------ DATA SECTION

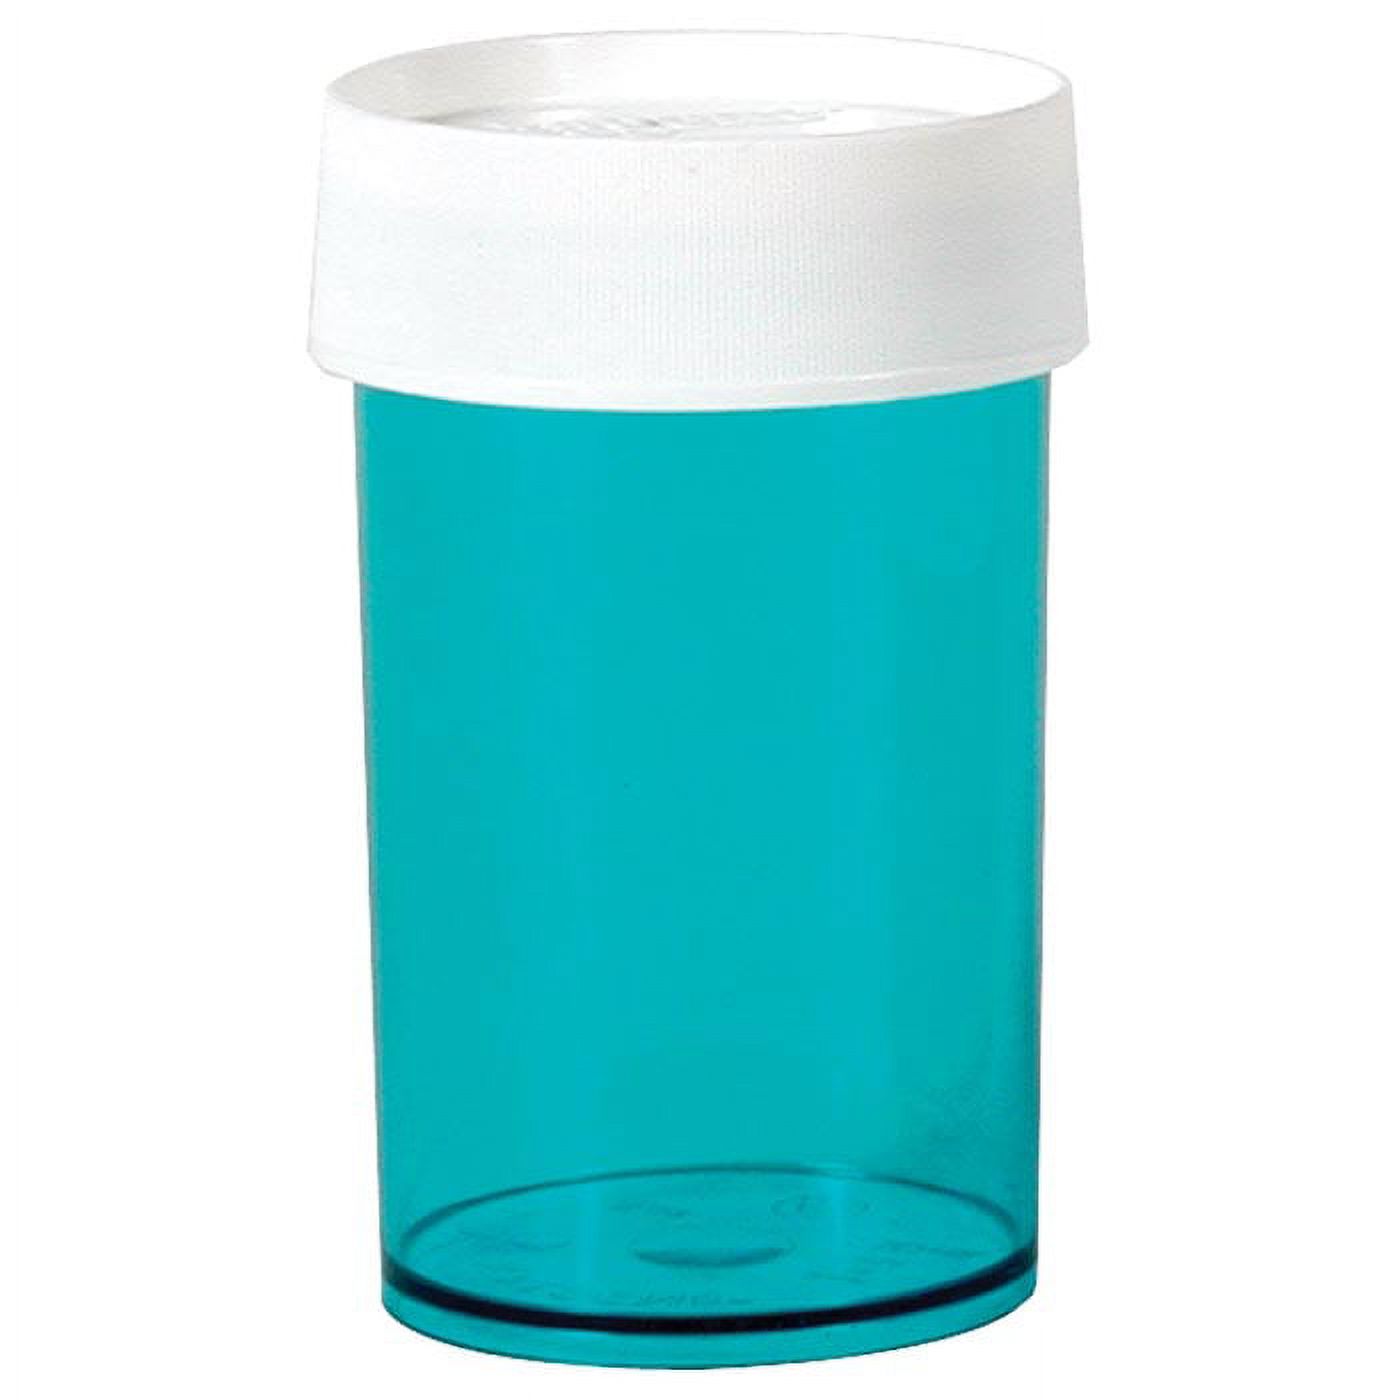 Nalgene Polypropylene Wide Mouth Storage Jar - 4 oz. - Clear - image 3 of 7
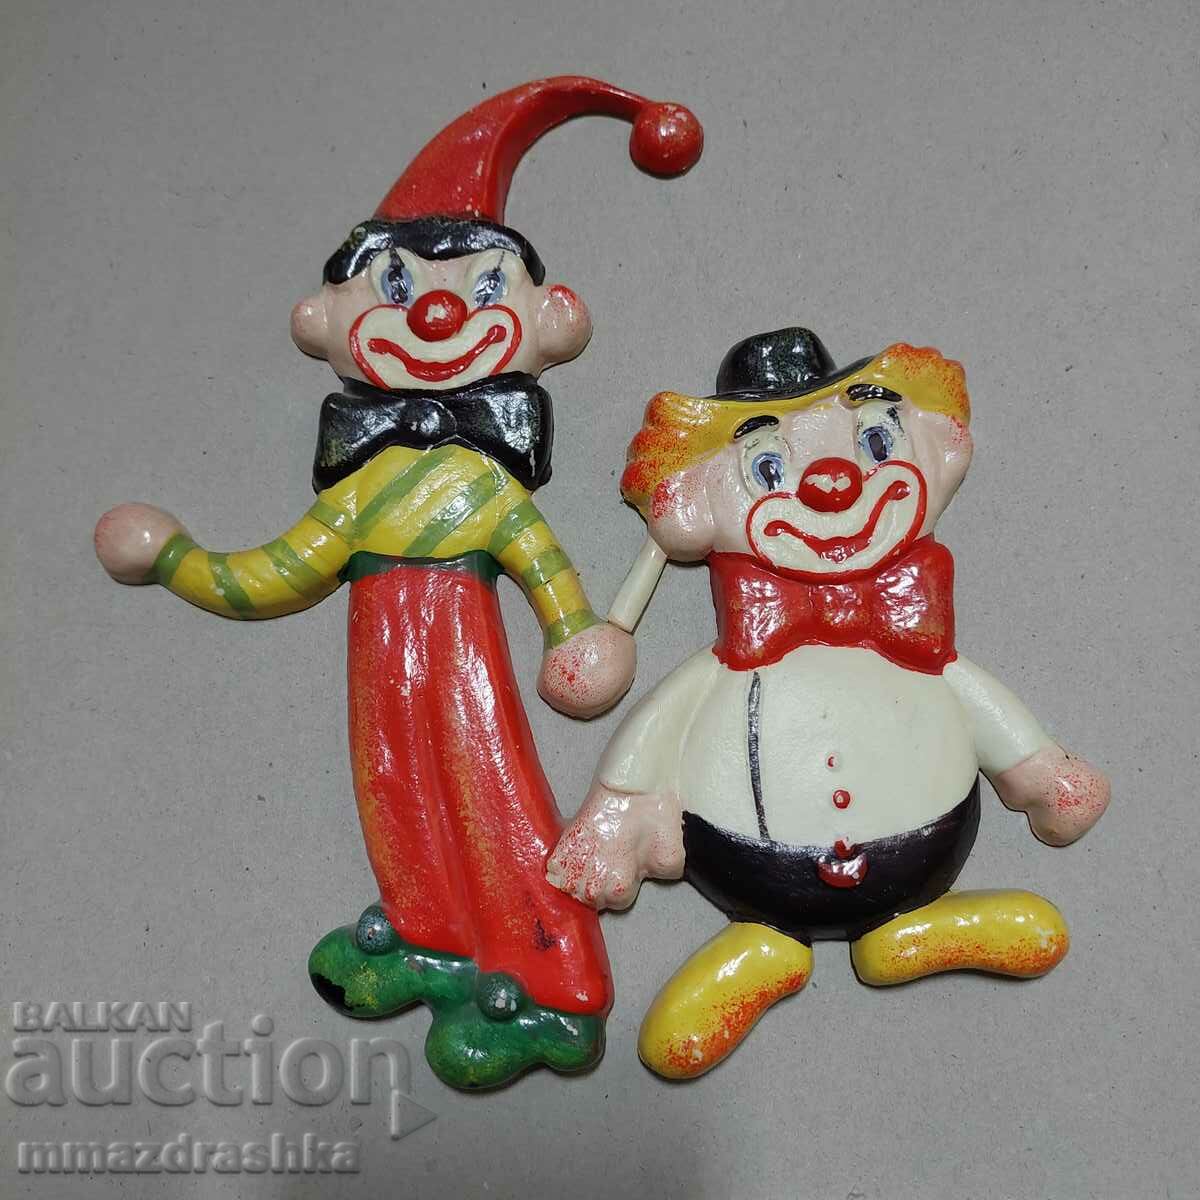 Laurel and Hardy, Soca Clowns
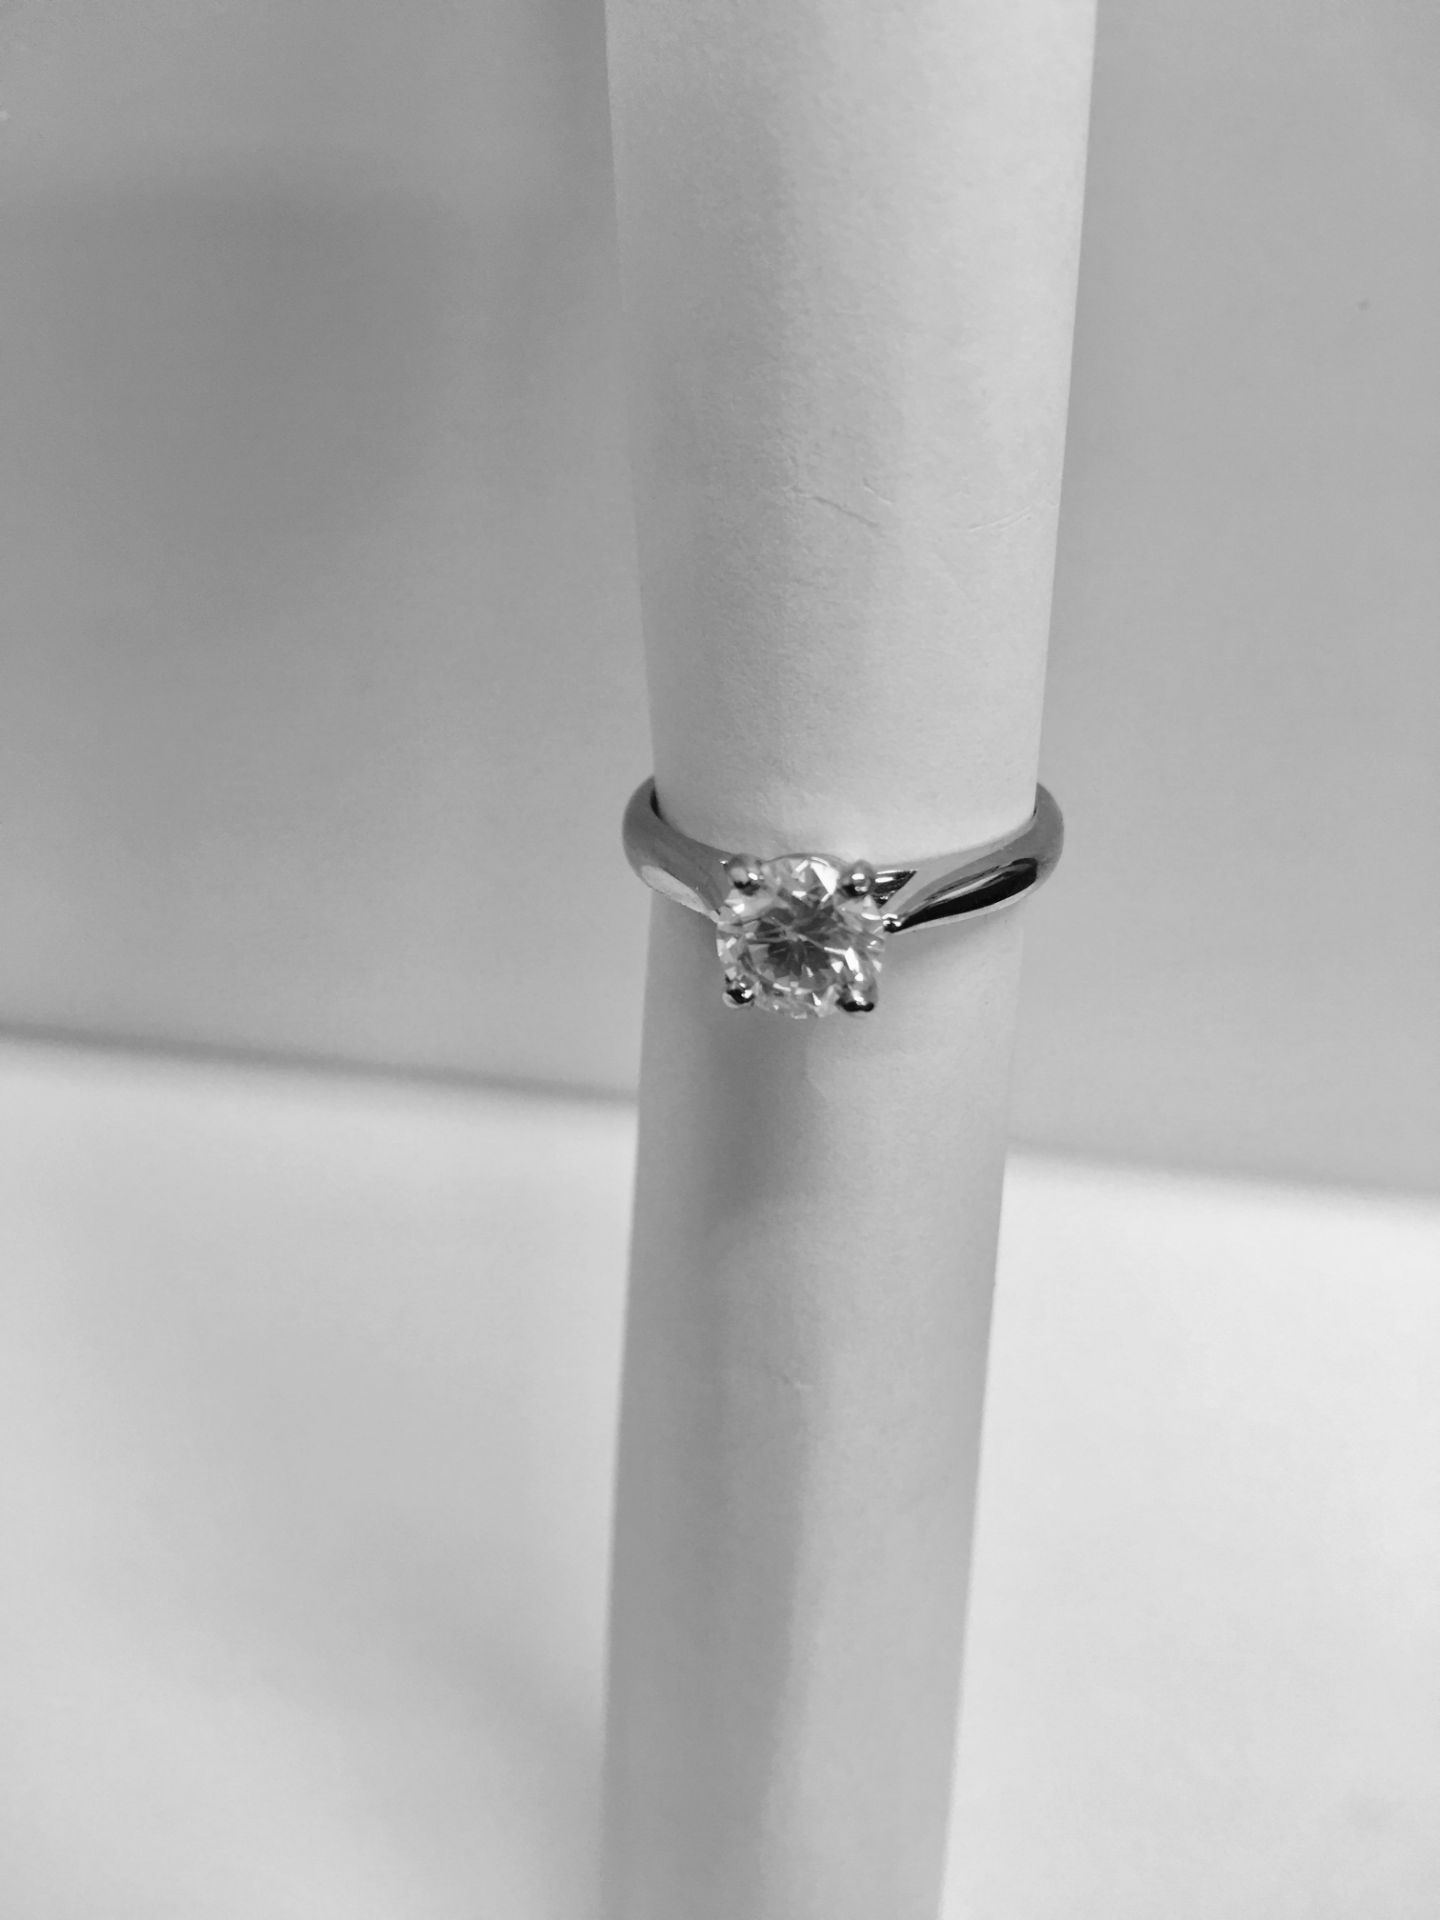 Platinum diamond solitaire ring 4 claw,0.50ct brilliant cut diamond D colour vs clarity,4.2gms - Image 4 of 8
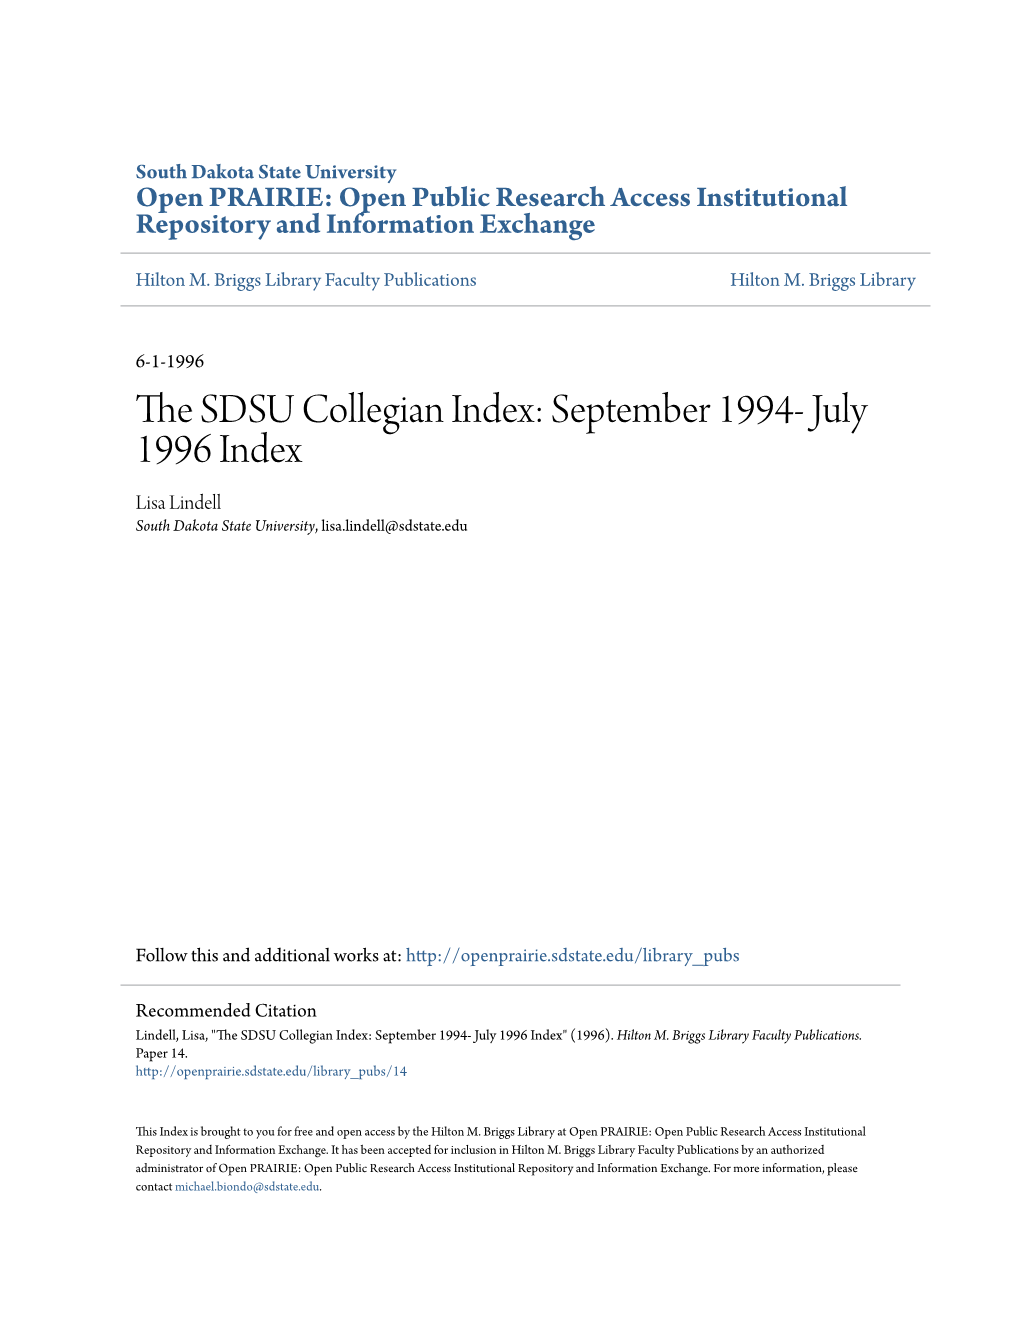 The SDSU Collegian Index: September 1994

------------

REQUIRED ACTION: Take every line of the material and copy it exactly, leaving out the pictures.

SOLUTION:
 Nalgene Polypropylene Wide Mouth Storage Jar - 4 oz. - Clear - image 3 of 7
 Laurel and Hardy, Soca Clowns
 Platinum diamond solitaire ring 4 claw,0.50ct brilliant cut diamond D colour vs clarity,4.2gms - Image 4 of 8
 The SDSU Collegian Index: September 1994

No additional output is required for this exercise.